On Oct 31, 12:34*pm, Henry wrote:
Papa Tom wrote:
Sounds to me like the rest of you guys are whipping him/her up pretty well.
Are you sure King of the Apes is the problem, or is it just that many of
this group's members are unwilling to "respectfully disagree" with him/her?
Just my unsolicited input. * Papa Tom


* They're just angry, uptight, and easily offended with
no authority in real life, so they come to usenet to
play tough guys and 'net cops. ;-)


Exactly, and AFRAID OF NEW IDEAS, which should be whole point of
reading the Internet, right?

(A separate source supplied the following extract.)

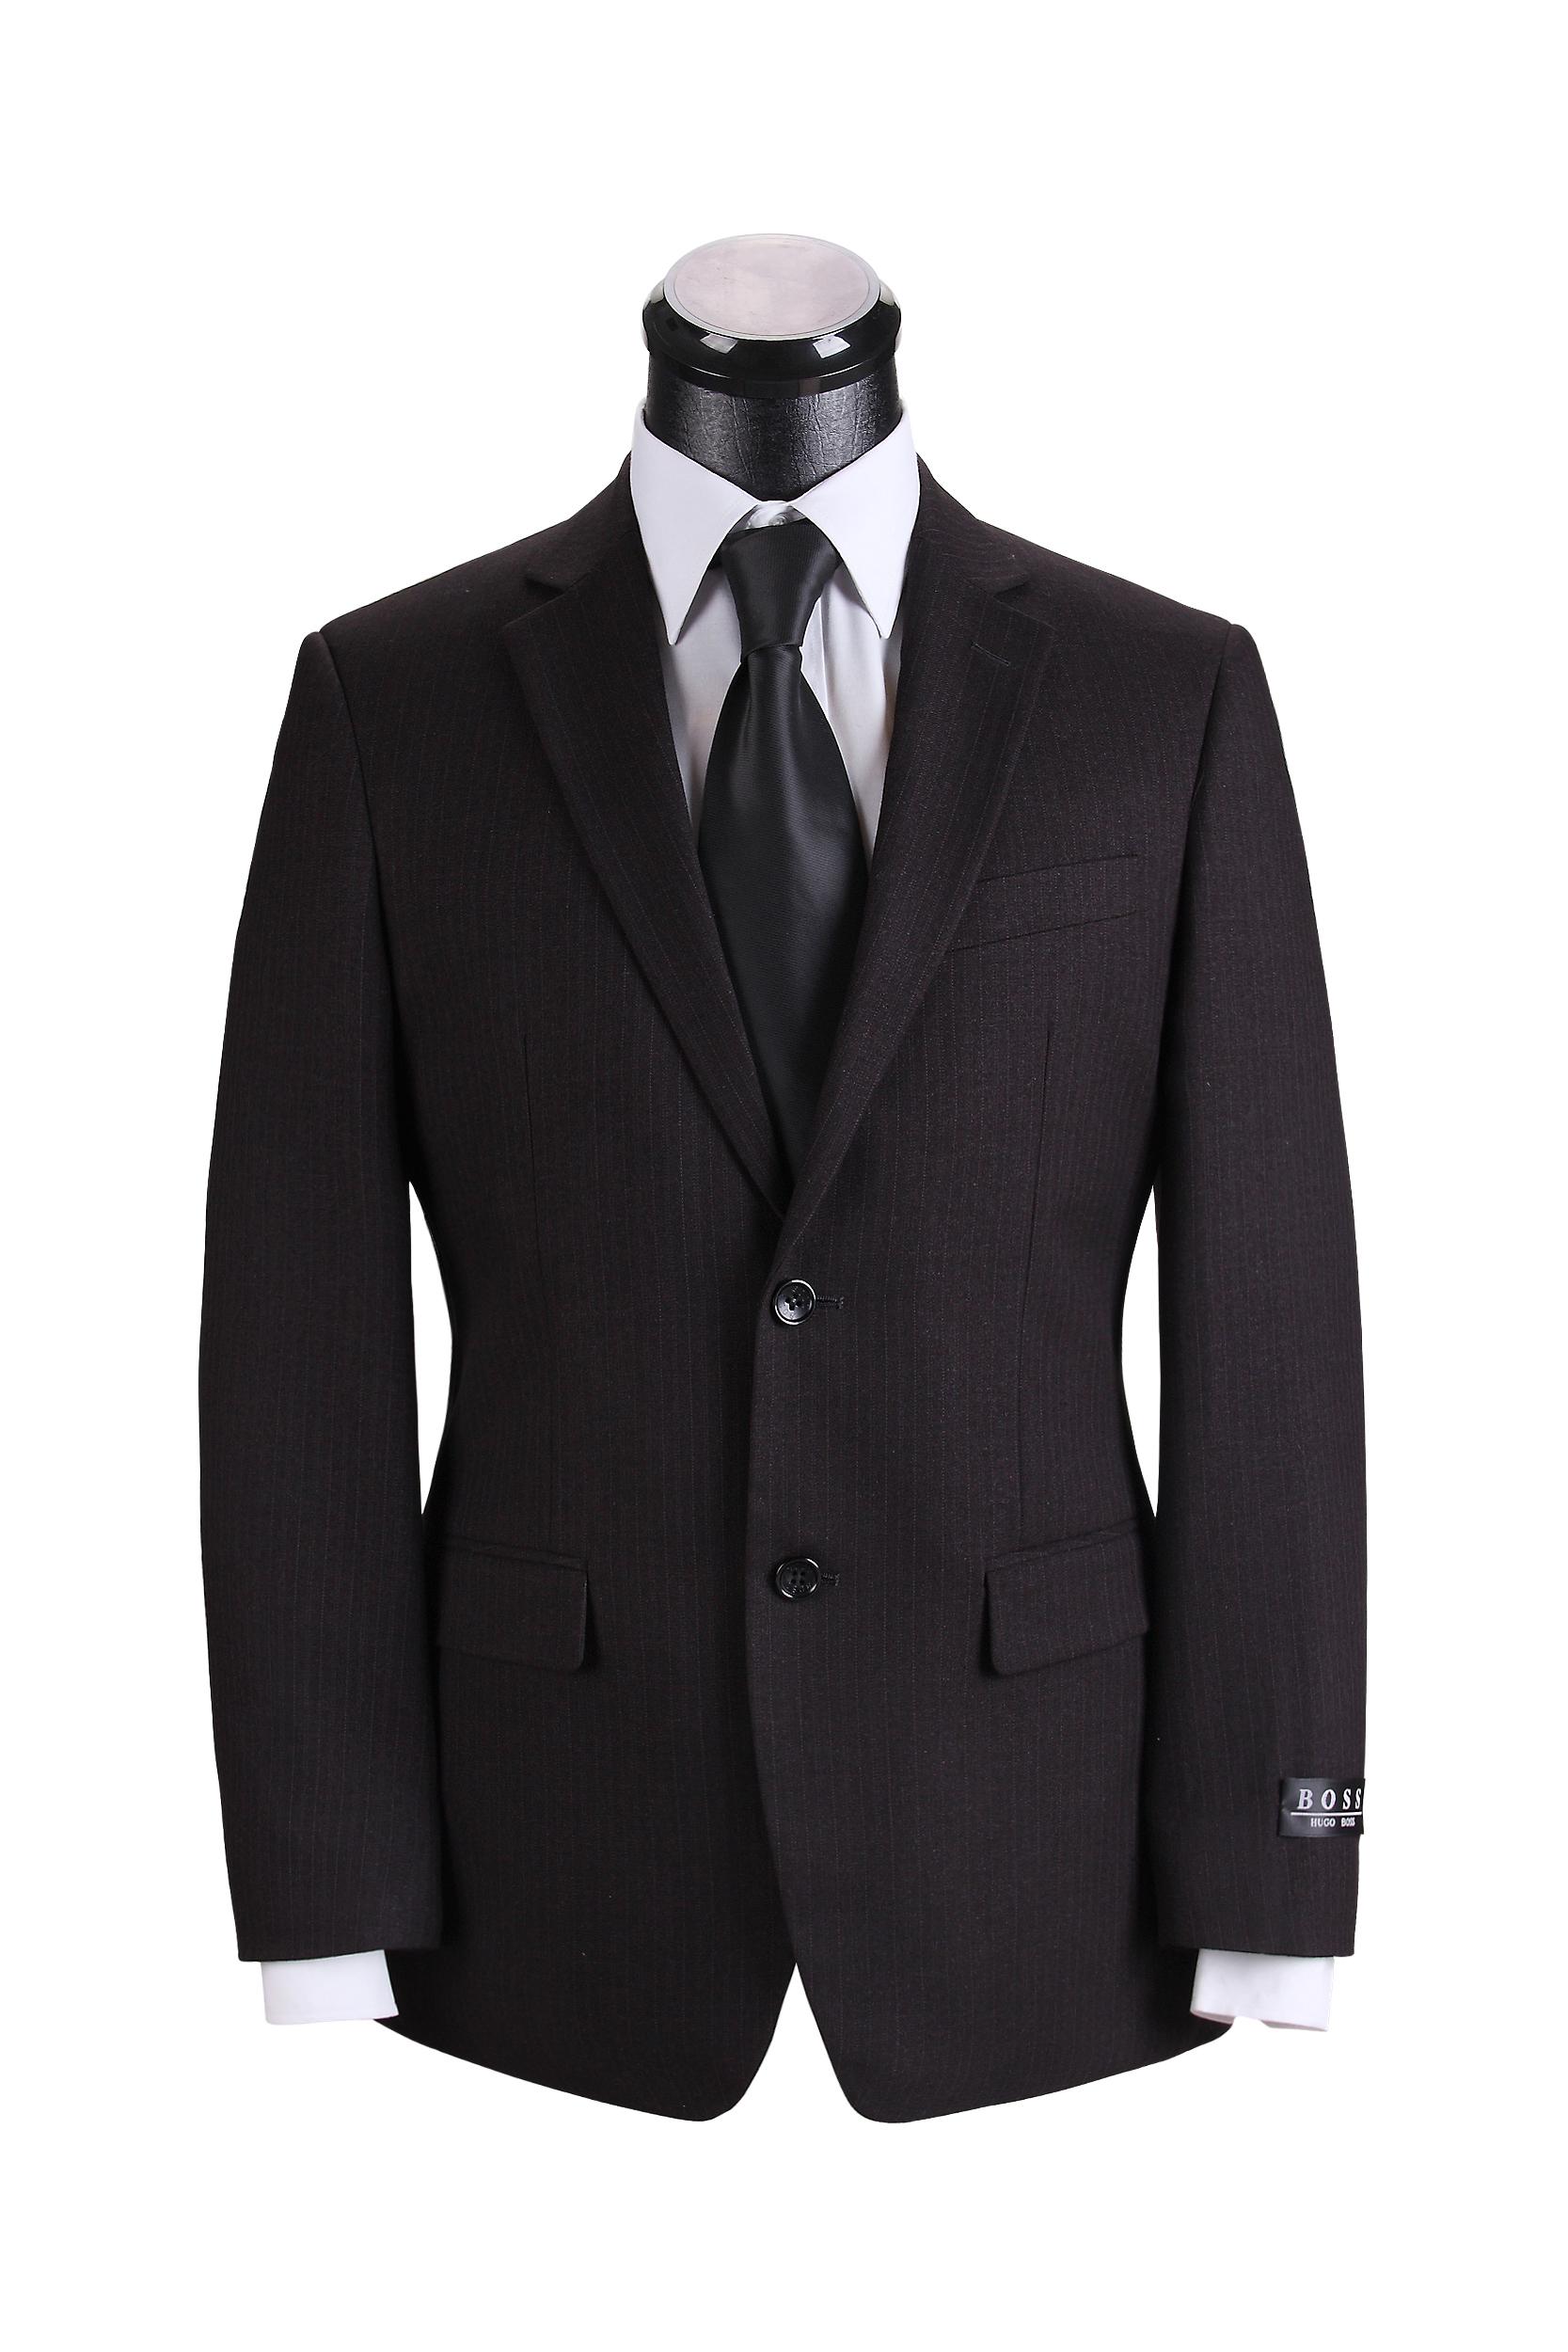 hugo boss的西服充满德式风格,讲究的是材质的上等与做工的精细,一套图片

If I wanted to have the official
viewpoint, I'd tune to Fox News, I guess.

Anyway, there's seem to be a contradiction between Key West design
(old town that ironically comes to be called "new urbanism" nowadays)
and the urban sprawl representative of the American landscape...

(I answer below)

Originally Posted by andrelam

"I've visted KeyWest and would agree that if there is ANY town in
America that can be made largely car free this one would be it. I've
walked clear across town in less than 20 minutes. Many European cities
have banned general driving in their city cores with some limited
driving allowed for business owners (mostly delivery vehickles). You'd
be able to open up the main streets near where the cruise ships arrive
and make then all 100 pedestrian zones. In Holland this works great is
just about every village or city I've seen. Delivery vehicles can
still make it through, they just drive very slowly. Cyclist and
pedestrians have no problem integrating in those streets either."

Happy riding,
André

***

Yep, then we are back to square one... We don't have bikes in Main
Street because it was made to accommodate cars, so we'd have to start
by demolishing 75% of America, and then build it again.

And yet, I'm sure we can accomodate bikes in the suburban landscape if
there was the POLITICAL WILL and/or public demand.